MasukThree weeks dissolved into a whirlwind of discovery.
Every day, I met them in the park. We talked—about their worlds, my heritage, the power blossoming within me like a second heartbeat. Caspian taught me to fortify my mind against intrusion, to feel the bond without being consumed by it. Kael showed me how to ground myself, to draw strength from the earth, to heed the whispers of my hybrid blood.
And every night, I dreamed of my mother.
She appeared in fragments—a smile here, a warning there, always fading before I could reach her. But each time, I felt her love like a comforting embrace. Each time, I woke stronger.
The pendant never ceased to warm my chest.
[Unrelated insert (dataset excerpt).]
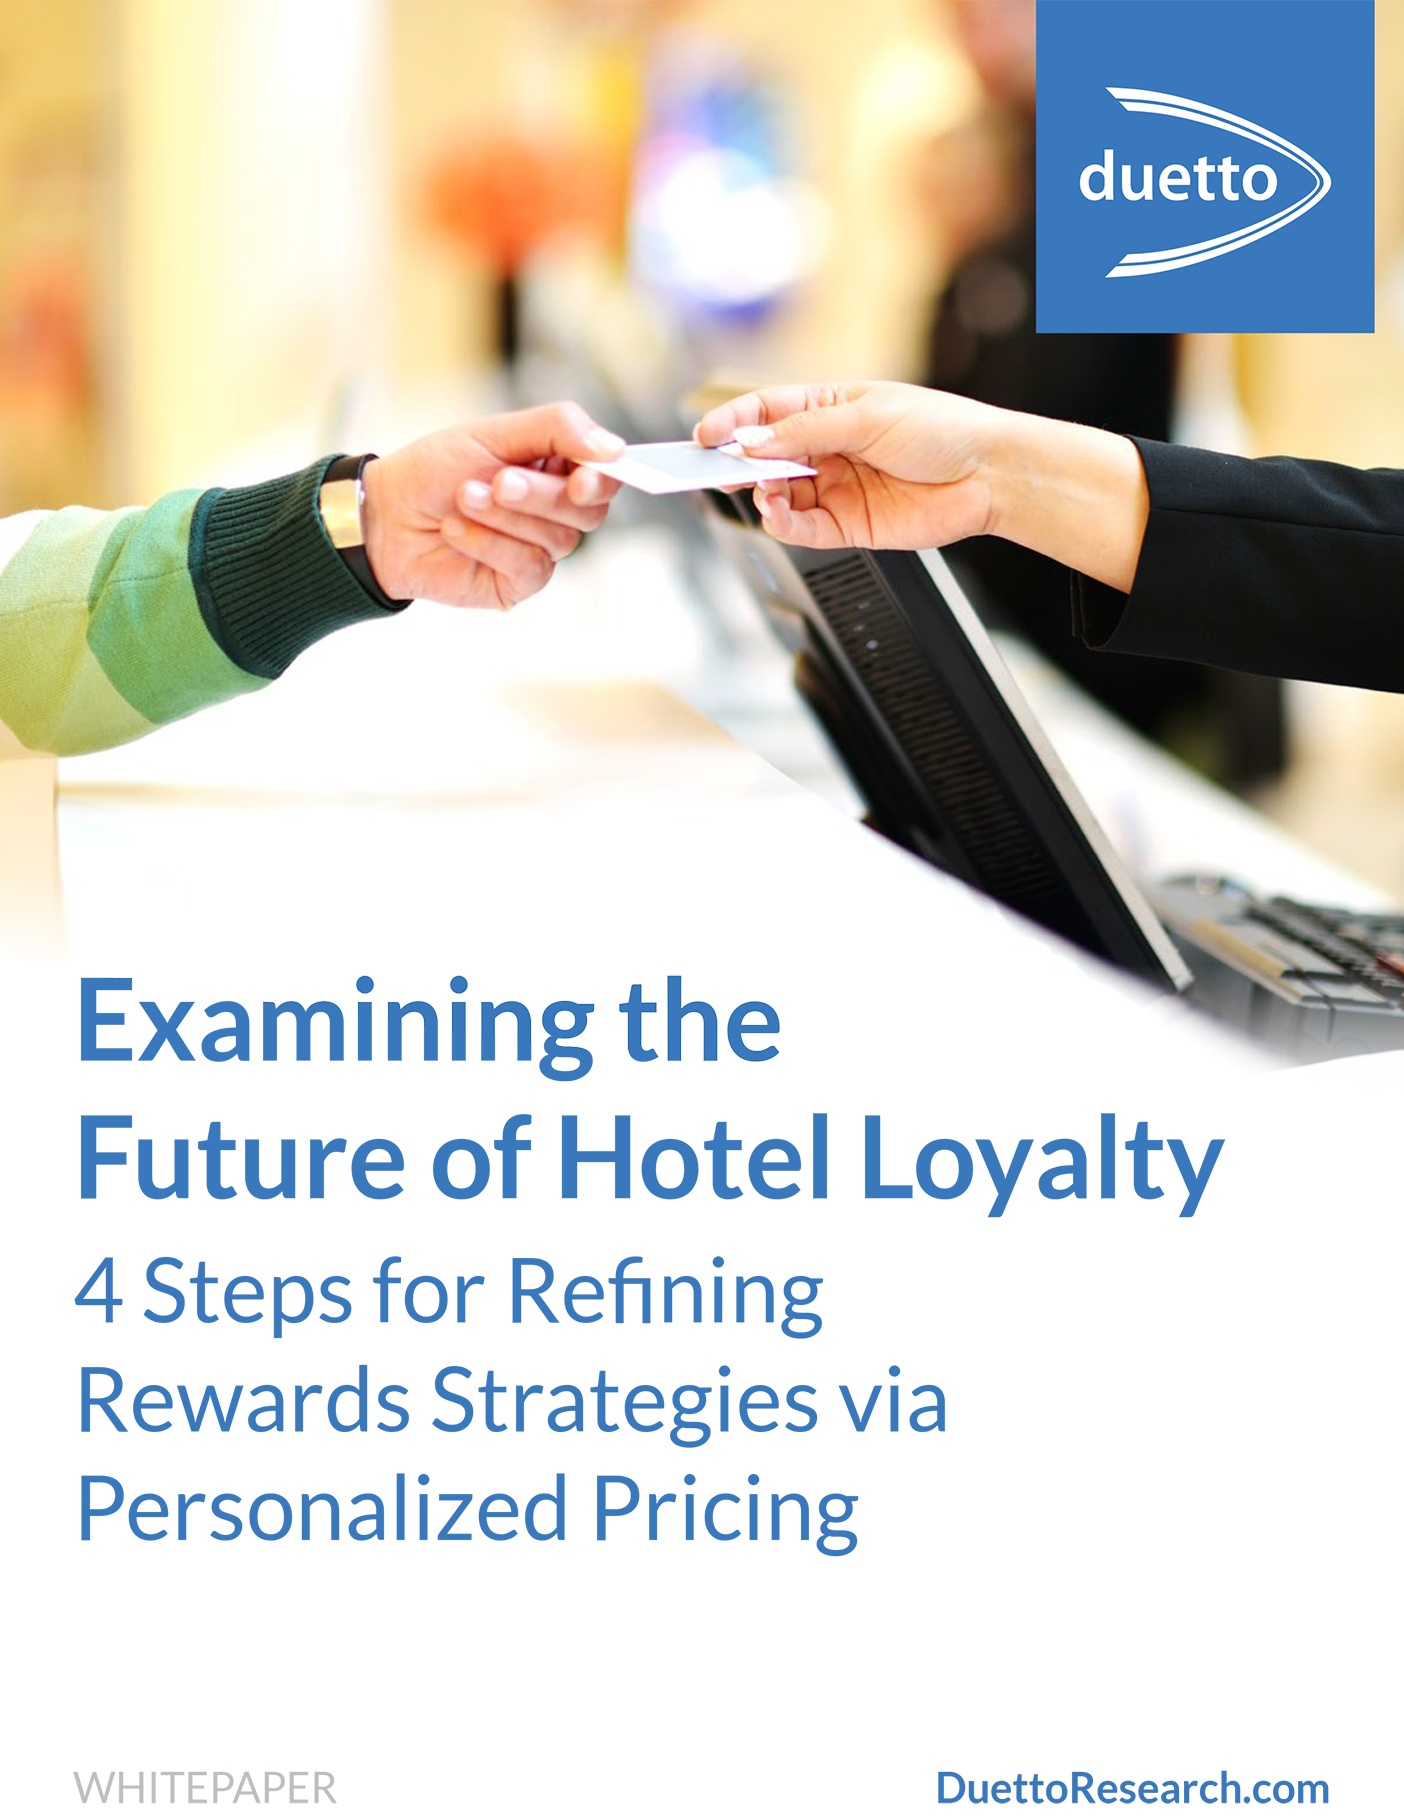 1_Examining the Future of Hotel Loyalty.jpg

"You're progressing faster than anticipated," Caspian observed one afternoon. We sat on our usual bench, Kael having gone to get coffee for me and... well, nothing for them. Vampires didn't drink coffee, and Kael claimed mine was "offensive" to his wolf palate.
"Is that good or bad?"
"Both." His red eyes studied me with that ancient intensity. "Rapid progression means your power is immense. It also means you're a more conspicuous target. Seraphine's network will have noticed by now."
The thought sent a chill down my spine. "How long do we have?"
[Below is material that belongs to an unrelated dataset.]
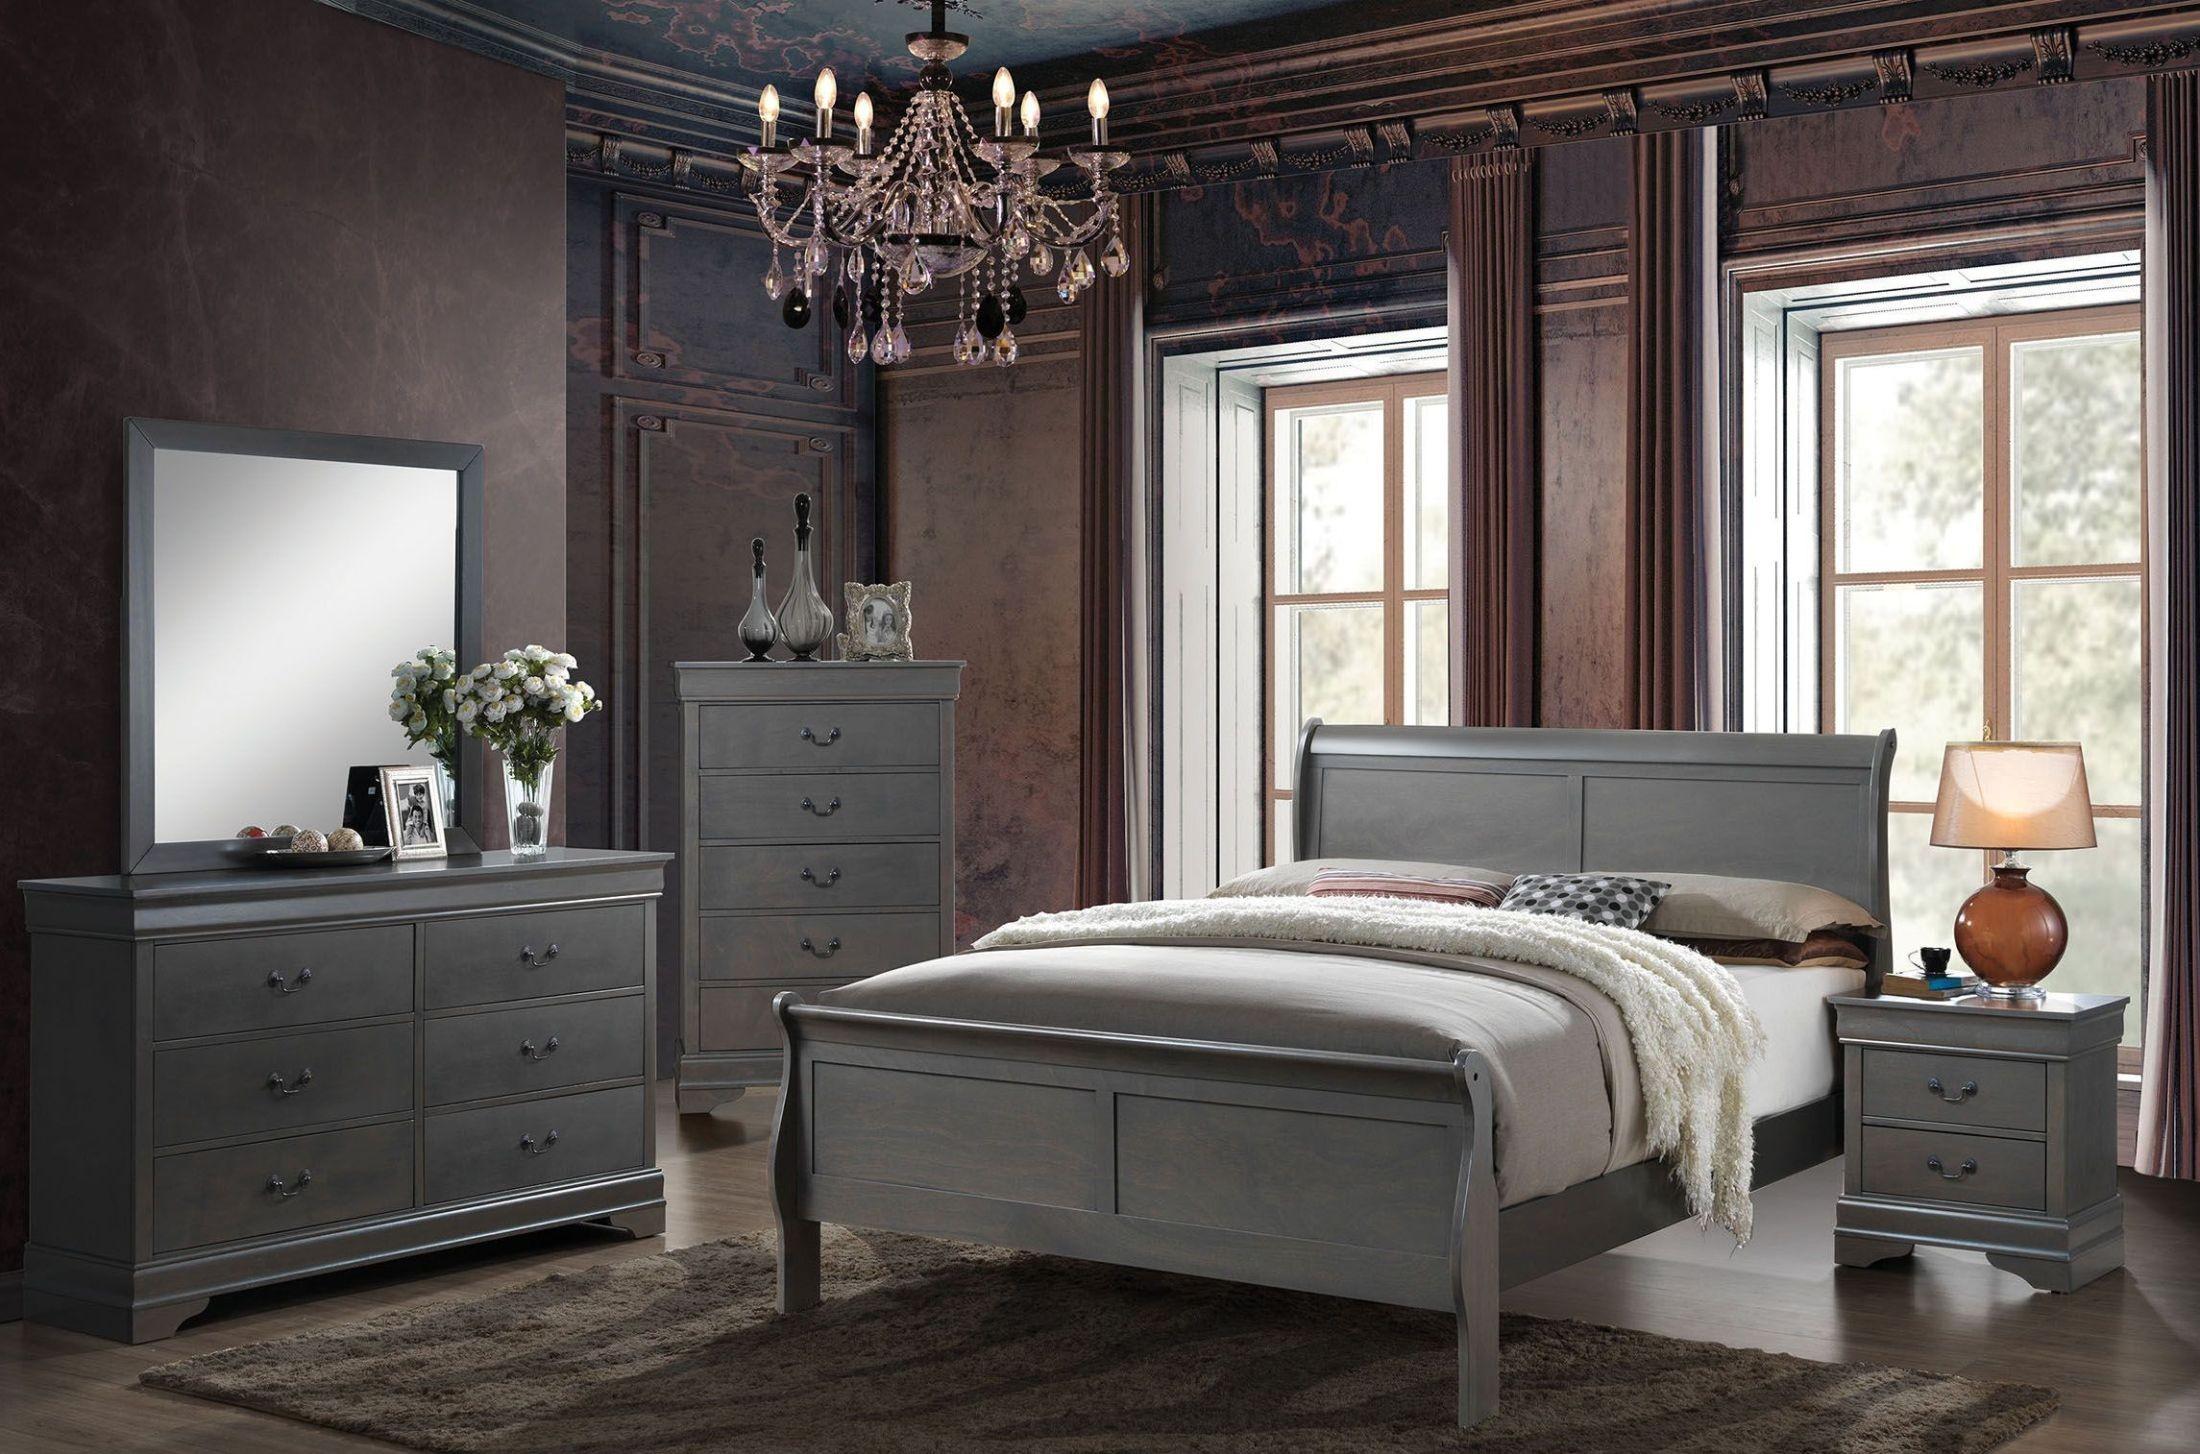 Louis philippe iii gray youth sleigh bedroom set from - Louis philippe bedroom collection ...

"I don't know. That's what concerns me."
Kael returned with my coffee—a perfect oat milk latte, because he'd somehow memorized my order after a single mention—and sat on my other side. "What concerns you?"
"Seraphine's silence." Caspian's jaw tightened. "She should have acted by now. Sent assassins, probes, something. But there's been nothing. Not a whisper."
"Maybe she doesn't know where Lena is."
"Seraphine always knows. She's survived millennia by knowing everything." Caspian's gaze swept the park, searching shadows that only he could see. "The silence means she's planning. Waiting for the perfect moment. And when it comes—"
He stopped.
The air shifted.
I felt it before I saw it—a wrongness, a pressure, a tear in the fabric of reality. The pendant burned against my chest. My hybrid senses screamed warning.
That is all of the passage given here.